# Cat6 cable won't work in G5



## hamuk (Dec 10, 2007)

Hi,

I am trying to get a Cat6 cable to work in my G5 running OSX 10.4.8.

The cable will work in a PC and in our G4 (OS9). It will also work if I change the port the cable is in the switch.

It just won't work in the G5. If I put the old cable in, that works.
I cannot ping or do anything network related. There is no signal light on the switch.

Is there a setting I need to change on the G5 or something on the switch?

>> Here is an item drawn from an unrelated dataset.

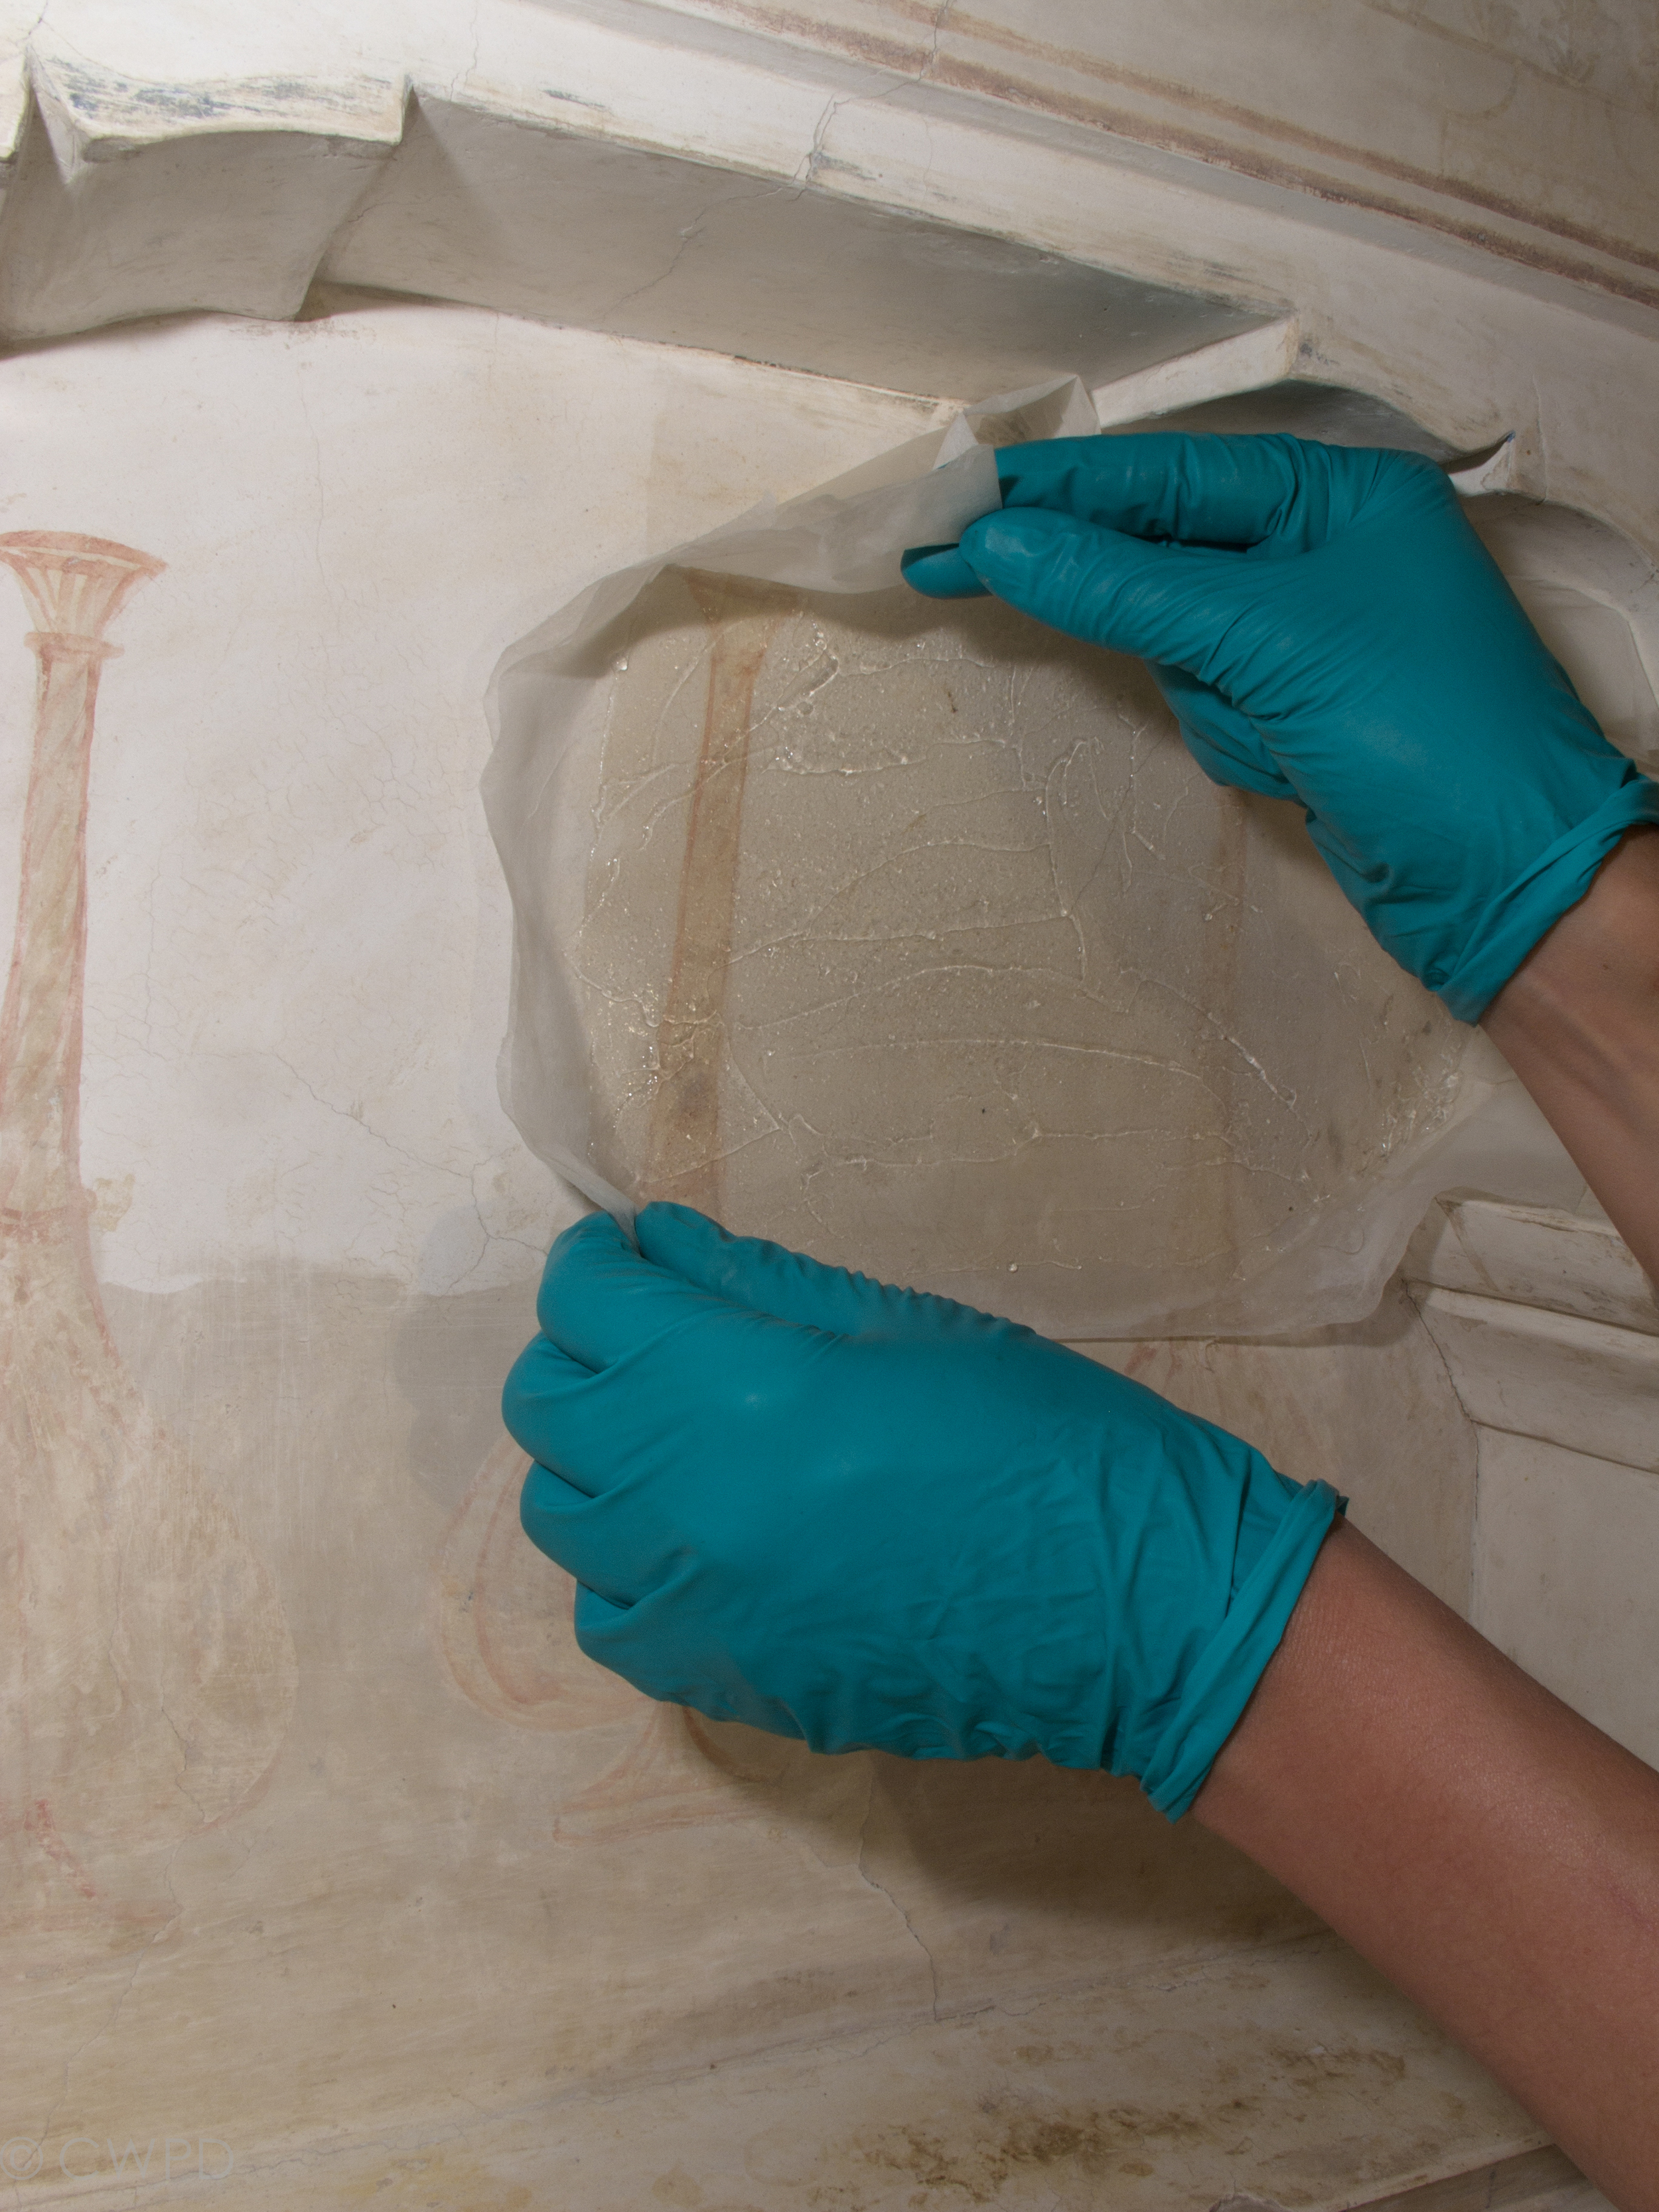  The tissue was then peeled off, removing the gel poultice with it.&nbsp;  Image © Courtauld CWPD

Any help/ideas gratefully received.


----------



## sinclair_tm (Mar 11, 2005)

ok, let me get this correct. this very same cat 6 cable works with a pc and classic g4, but not the g5. this is with the cable plugged into the same port on the switch, and the only change is with which computer the cable is plugged in?


----------



## hamuk (Dec 10, 2007)

That's right.


----------



## sinclair_tm (Mar 11, 2005)

well, i have been told that there is really nothing different with cat5 or cat6 cable. that the only real thing to be would to try to make sure that the ends are crimped tightly, or the ends of the cable might allow the g5's port to make a complete connection. have you tried a different cat6 cable?


----------



## hamuk (Dec 10, 2007)

Yes I have. 
We have another Cat6 Cable that works in a PC. 

I don't understand why the Cat6 cable works in other computers but not the G5. But my Cat5 cable works in the G5!

I have also re-made the connector twice.

It has been suggested that my ethernet card could be flaky or there is dust in it. This seems unlikeley to me considering I have no other problems with the network.


----------



## sinclair_tm (Mar 11, 2005)

does that other cat6 cable work in the g5? if it does, then the 1st cat6 cable is bad somehow. if it doesn't then i'd be looking at the cable types, like are they crossover or patch ethernet cables, and see what the cat5 cable is. if the cat5 is the other from the cat6, then i'd be saying that the g5's port is bad, and no longer autosenceing and switching as it should. if the port is bad, then it needs a new motherboard, or a ethernet expantion card. another thing to try is to plug the cable between the g5 and the other mac, or the pc, and see if you get them to communicate that way.


----------